The 5th Circuit order also recalled its Sept. 11 mandate, which had cleared the government to apply to SCOTUS for a full stay of the injunction. The order gave the government until noon Thursday, time zone unspecified, to respond to the plaintiffs’ petition for rehearing. The U.S. District Court for the Western Louisiana’s July 4 injunction will remain stayed pending resolution of the AGs’ petition for panel rehearing, said the order.
To the extent that the 5th Circuit order “contemplated further proceedings” culminating in the issuance of a modified opinion and judgment, it didn’t specify “what form those proceedings would take or when a modified judgment would issue,” said the government’s supplemental memorandum. It also didn’t “withdraw its original judgment or reinstate its stay of the injunction in the meantime,” it said.
To the extent the 5th Circuit “instead intended to summarily grant the relief” the GOP AG respondents requested in their rehearing petition, “it neither explained why that relief was warranted nor specified precisely what form the modified injunction would take,” said the government’s supplemental memorandum. “That would be no small issue,” it said.

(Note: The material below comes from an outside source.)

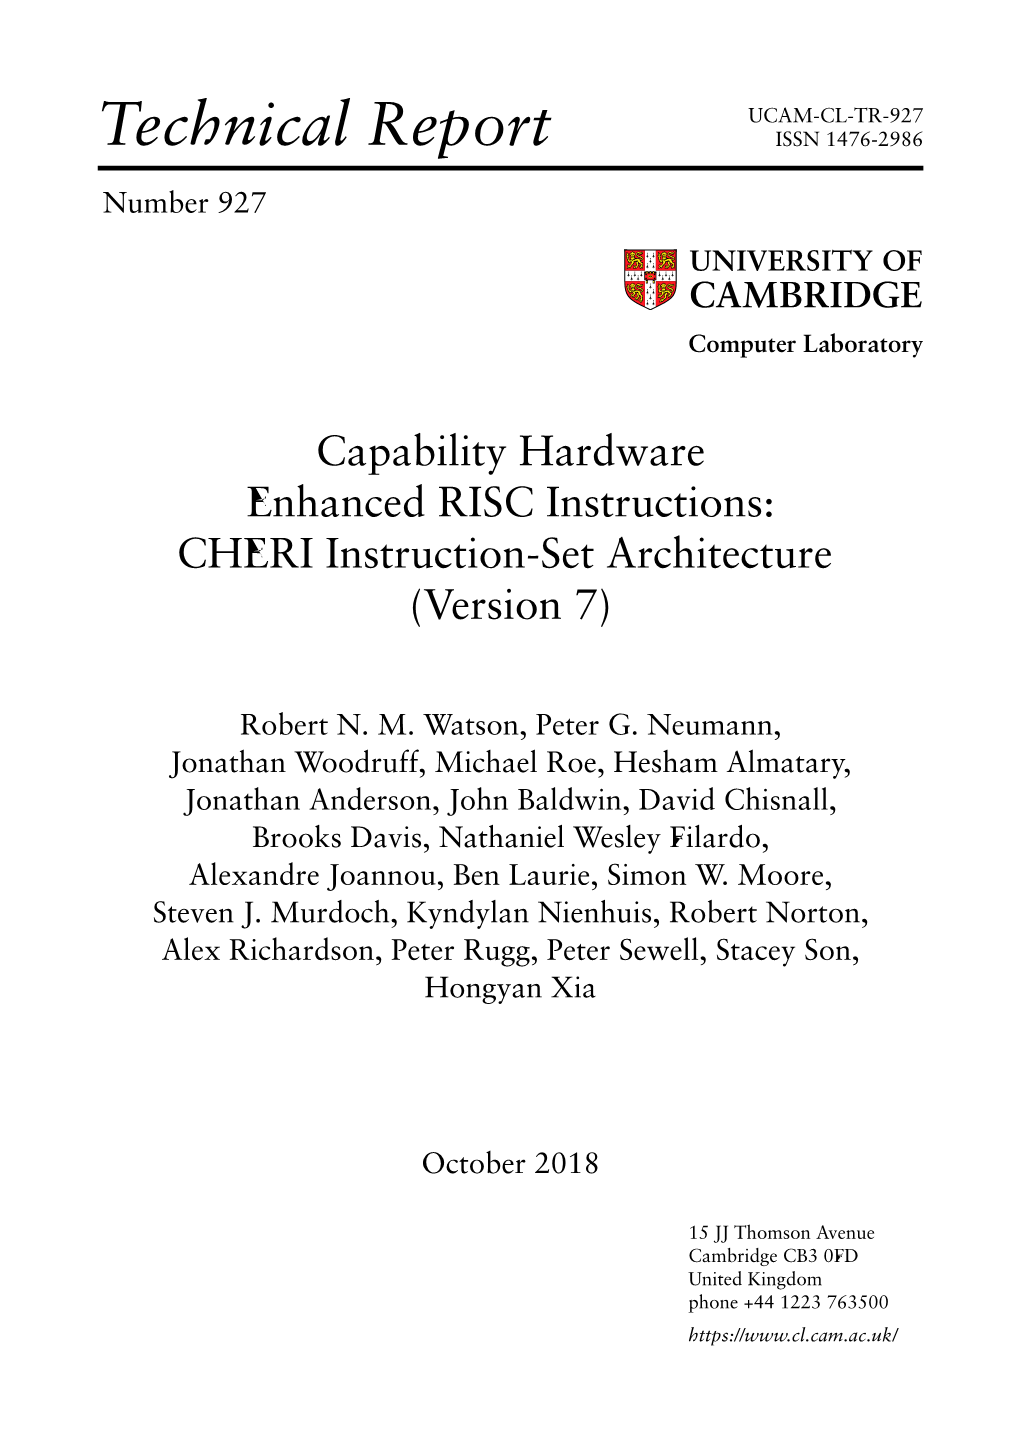 Capability Hardware Enhanced RISC Instructions: CHERI Instruction-Set Architecture (Version 7)

The rehearing petition “sought to extend the injunction to hundreds of thousands of additional government employees associated with two additional groups of defendants,” it said.
If the 5th Circuit’s order purports to extend injunctive relief beyond the scope set forth in its original Sept. 8 decision, “a stay of that additional relief is warranted for the reasons explained” in the government’s Sept. 14 SCOTUS application for an emergency stay, said the government’s memorandum. “Any additional relief would necessarily rest on the same novel and erroneous understanding of the state-action doctrine, and would also suffer from the same Article III and equitable flaws as the portion of the injunction that the court originally affirmed,” it said.
A stay of any expanded injunction “would also be warranted because of the procedural impropriety of substantially expanding the injunction after issuance of the mandate and without giving the government an opportunity to be heard,” said the government’s supplemental memorandum. Such a stay “is encompassed within the relief requested in the government’s stay application,” plus the administrative stay already issued by Justice Samuel Alito, the Supreme Court’s circuit judge for the 5th Circuit, it said. Before Tuesday’s 5th Circuit order, Alito’s stay was to have expired at 11:59 p.m. EDT Wednesday.
In light of the “unreasoned nature” of the 5th Circuit’s order, and the uncertainty about that order’s intended effect, the government won’t “develop at length” its additional arguments explaining why any expansion of the injunction “would be unwarranted and improper,” said the supplemental memorandum. The government is prepared to submit further briefing on those issues if SCOTUS requests it, DOJ said.
The government previously floated the option that SCOTUS could “construe” the government’s stay application as a cert petition and immediately grant cert along with a stay, said the supplemental memorandum. That course remains available, it said.
The 5th Circuit’s “unexplained grant” of panel rehearing doesn’t purport to modify its prior Sept. 8 judgment, said the supplemental memorandum. The 5th Circuit “lacked authority to modify its judgment without recalling its mandate,” and the issues decided in that judgment “continue to warrant” SCOTUS review, it said. Whether or not SCOTUS grants cert immediately, the government submits that the “irregularity of and additional uncertainty caused” by the 5th Circuit’s Tuesday order “provide powerful additional reasons to stay the district court’s preliminary injunction in its entirety,” DOJ said.